Background technique
Coal ' moisture is the basic index for evaluating Coal Economy value, and there are no one for underground coal mine raw coal production process at present
Kind is capable of the system and device of effective dynamic monitoring raw coal moisture.How moisture to be monitored in coal production source,
To which the coal quality situation for dynamically grasping coal is most important.
Therefore, in view of the above-mentioned drawbacks in the prior art, the intelligent monitor system for designing a kind of coal water content is provided;With
Solve drawbacks described above in the prior art.
Summary of the invention
It is an object of the present invention to design a kind of coal water content in view of the above-mentioned drawbacks of the prior art, providing
Intelligent monitor system, to solve the above technical problems.

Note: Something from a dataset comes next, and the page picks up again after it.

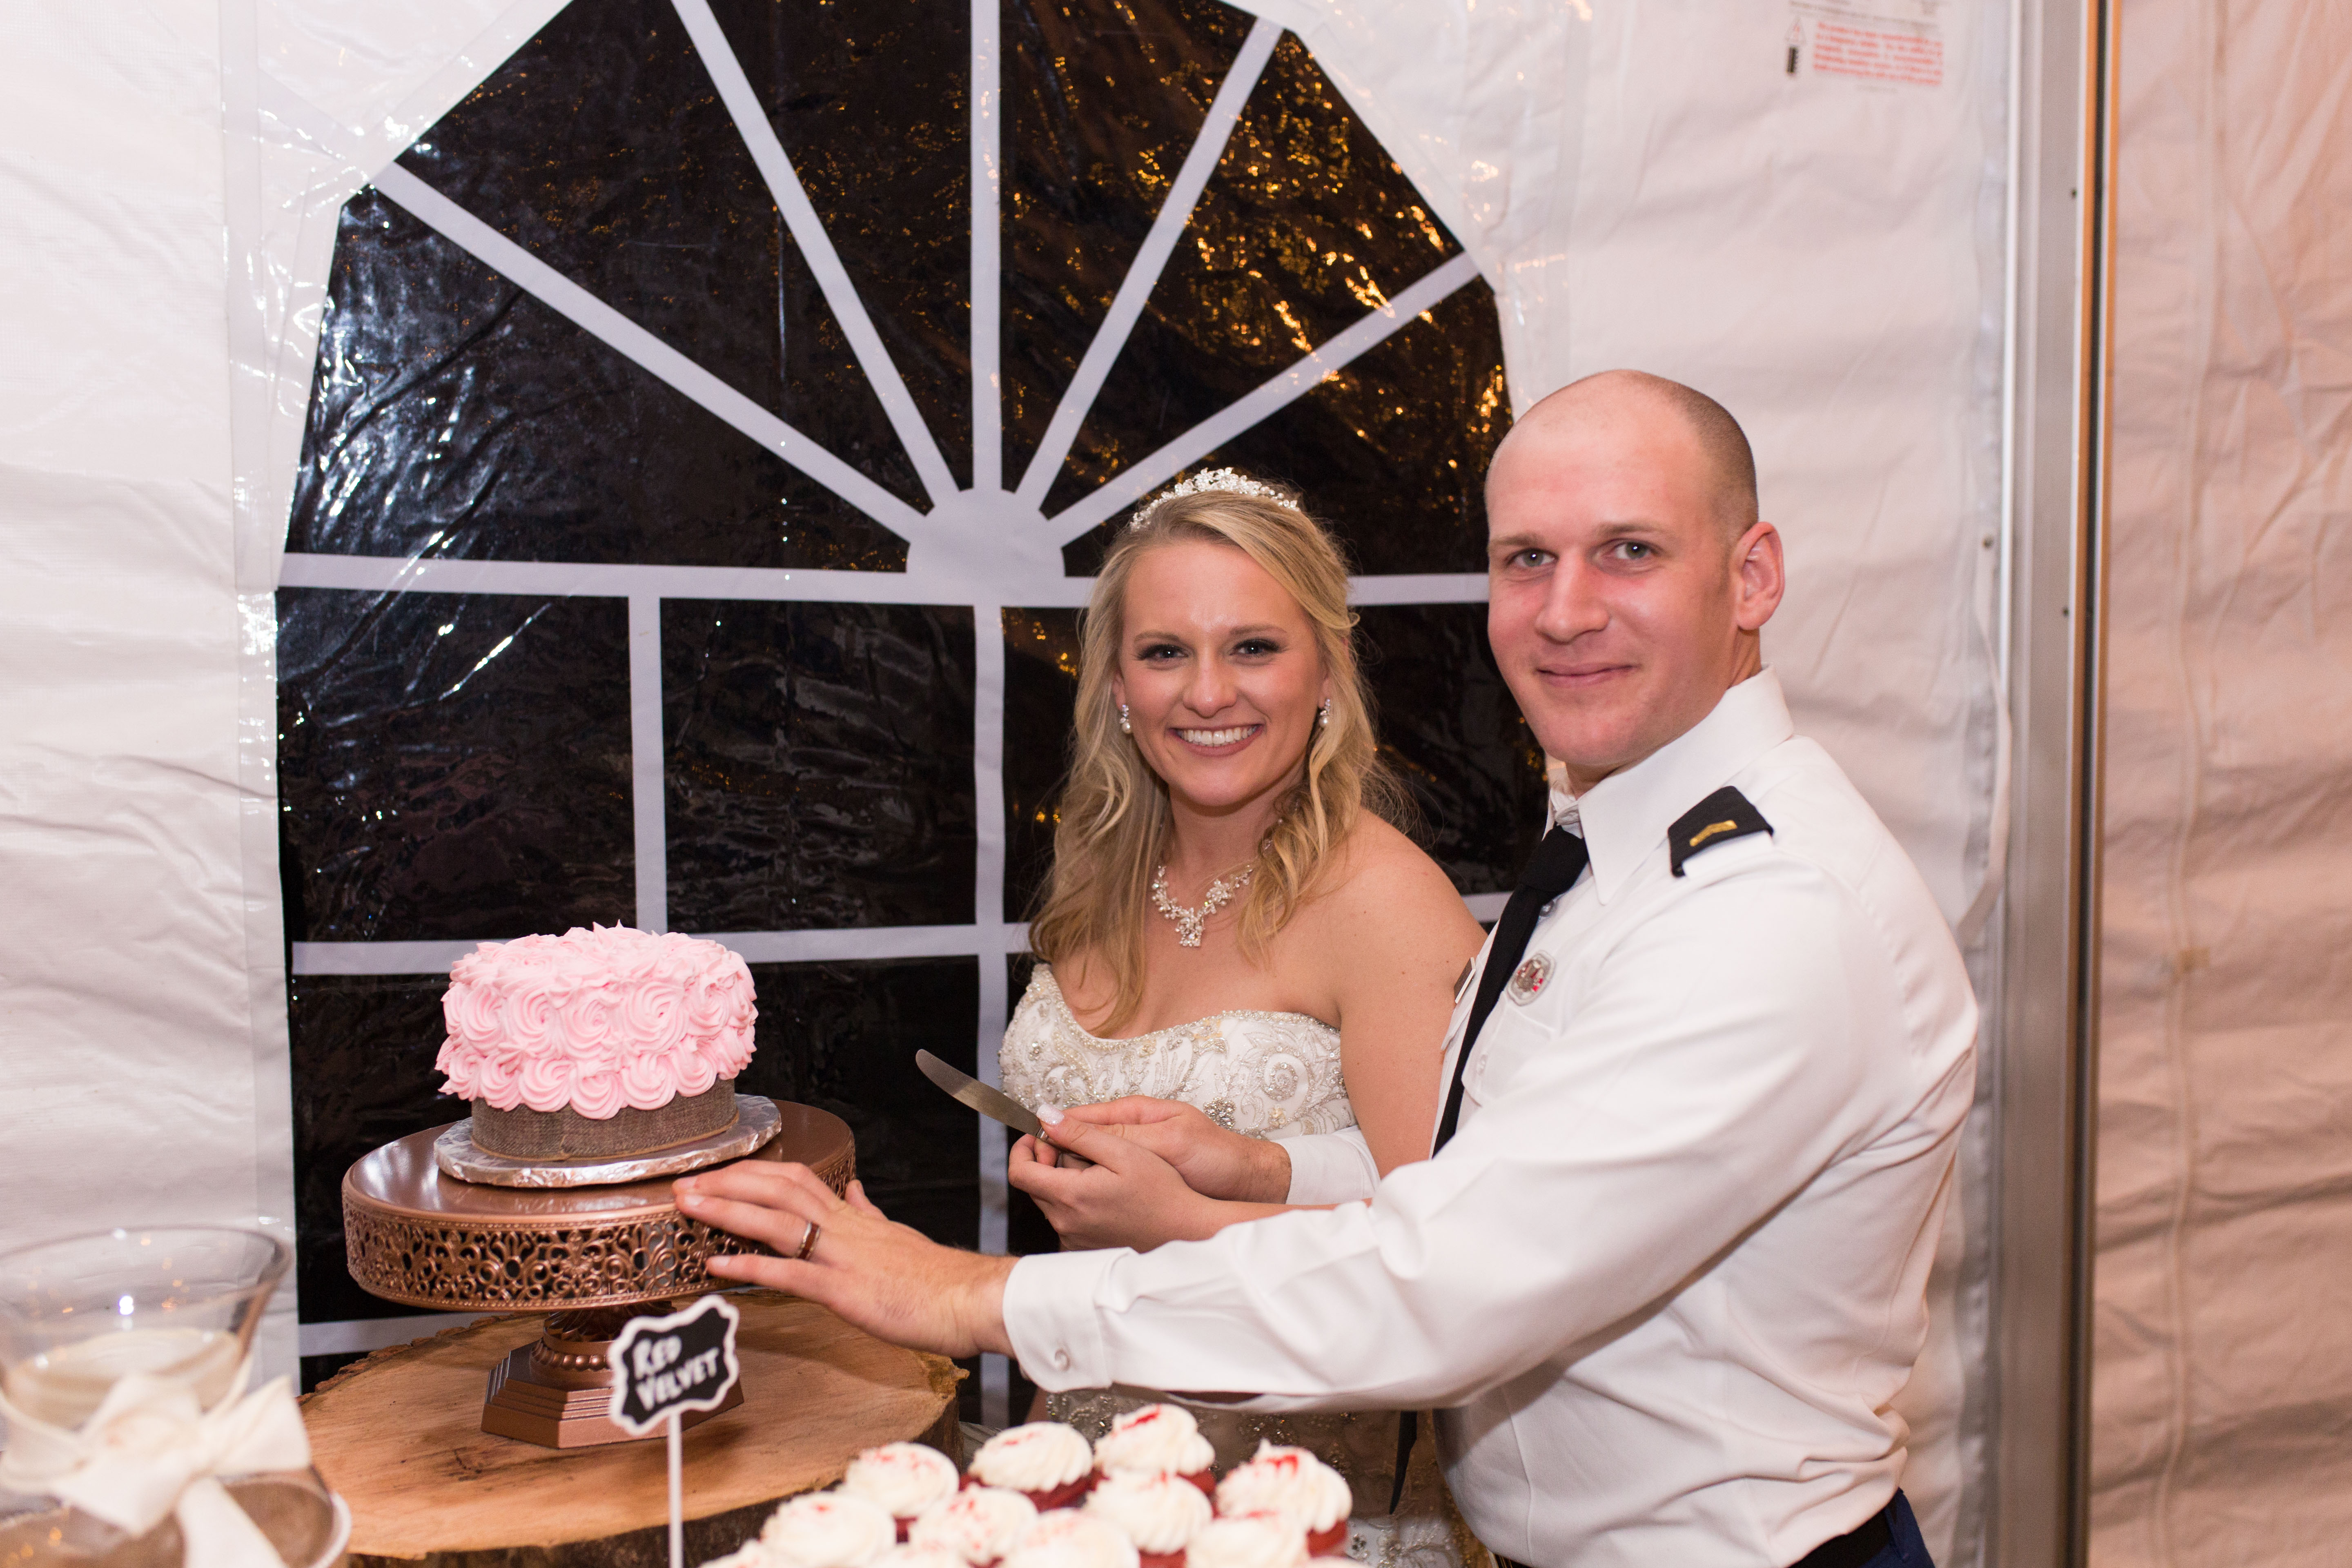 cake cutting at wedding

To achieve the above object, the present invention provides following technical scheme:
A kind of intelligent monitor system of coal water content characterized by comprising
There are two test structures for setting on the portal frame being arranged in above coal transmission belt, the crossbeam of portal frame;
The intelligent monitor system further includes having water level controller, and two detecting electrodes of water level controller are separately fixed at down
It visits in structure;
The water level controller is connected with electromagnetic relay, and alarm is connected to power supply by electromagnetic relay;
The water level controller is communicated by wireless sending module with the wireless receiving module of coal mining control centre.

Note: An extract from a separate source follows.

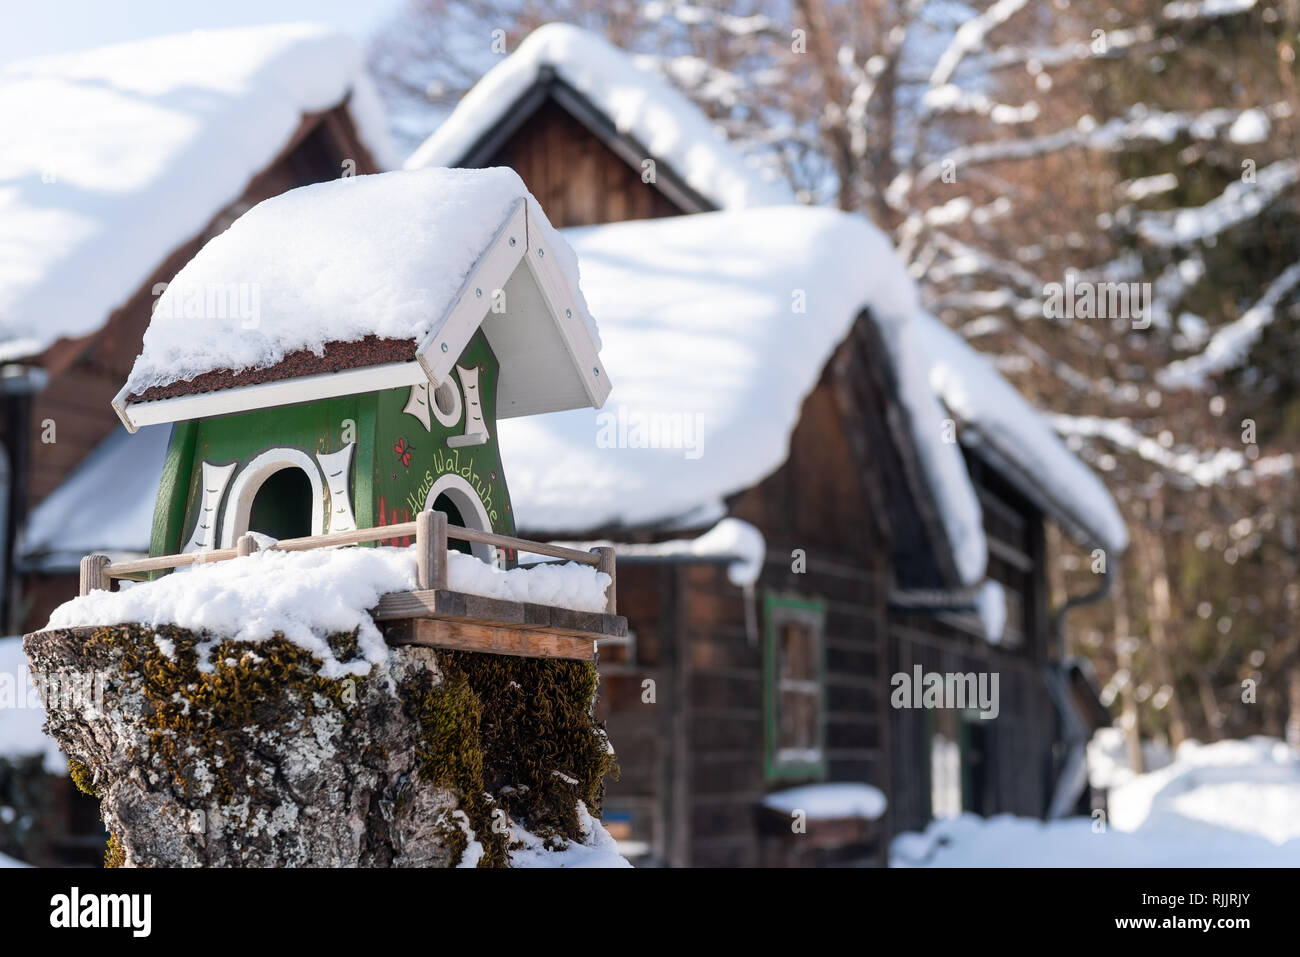 Home-made de l'oiseau en bois convoyeur en hiver, sous la neige. Banque D'Images

Preferably, the test structure is test column, the bottom of the test column is provided with fixing seat;For solid
Determine the detecting electrode of water level controller.
Preferably, the alarm includes alarm lamp and buzzer.
Preferably, test column is fixed on the crossbeam of portal frame by telescopic rod, it is connected at the top of test column flexible
The other end of one end of bar, telescopic rod is connected on the crossbeam of portal frame.
Preferably, being carried out wireless communication between wireless receiving module and wireless sending module by following steps:
S1: positioning optimal node, specifically includes the following steps:
S1.1: the deviation distance of whole communication node relative tertiary locations is calculated by formula (1):
In formula, whole freed communications node quantity are indicated with pem, and all communication node numbers are indicated with q, pef=pem-q
×0.1;
S1.2: the field of communication service of setting cluster head communication node, formula are as follows:
In formula, the service cluster head quantity of leader cluster node is higher than 30 with nufll table in the region that wireless-transmission network is covered
Show;All communication node amount q in k-th of cluster headkIt indicates;
S1.3: the back end in region is grouped;
S1.4: communication node ratio is calculated separately for different groups;
S1.5: optimal communication node is determined in conjunction with the communication node rate value in S1.4;
S2: in conjunction with the optimal communication node in S1.4, weighting multicast number is established;And it is indicated in step S1.5 with Q (X)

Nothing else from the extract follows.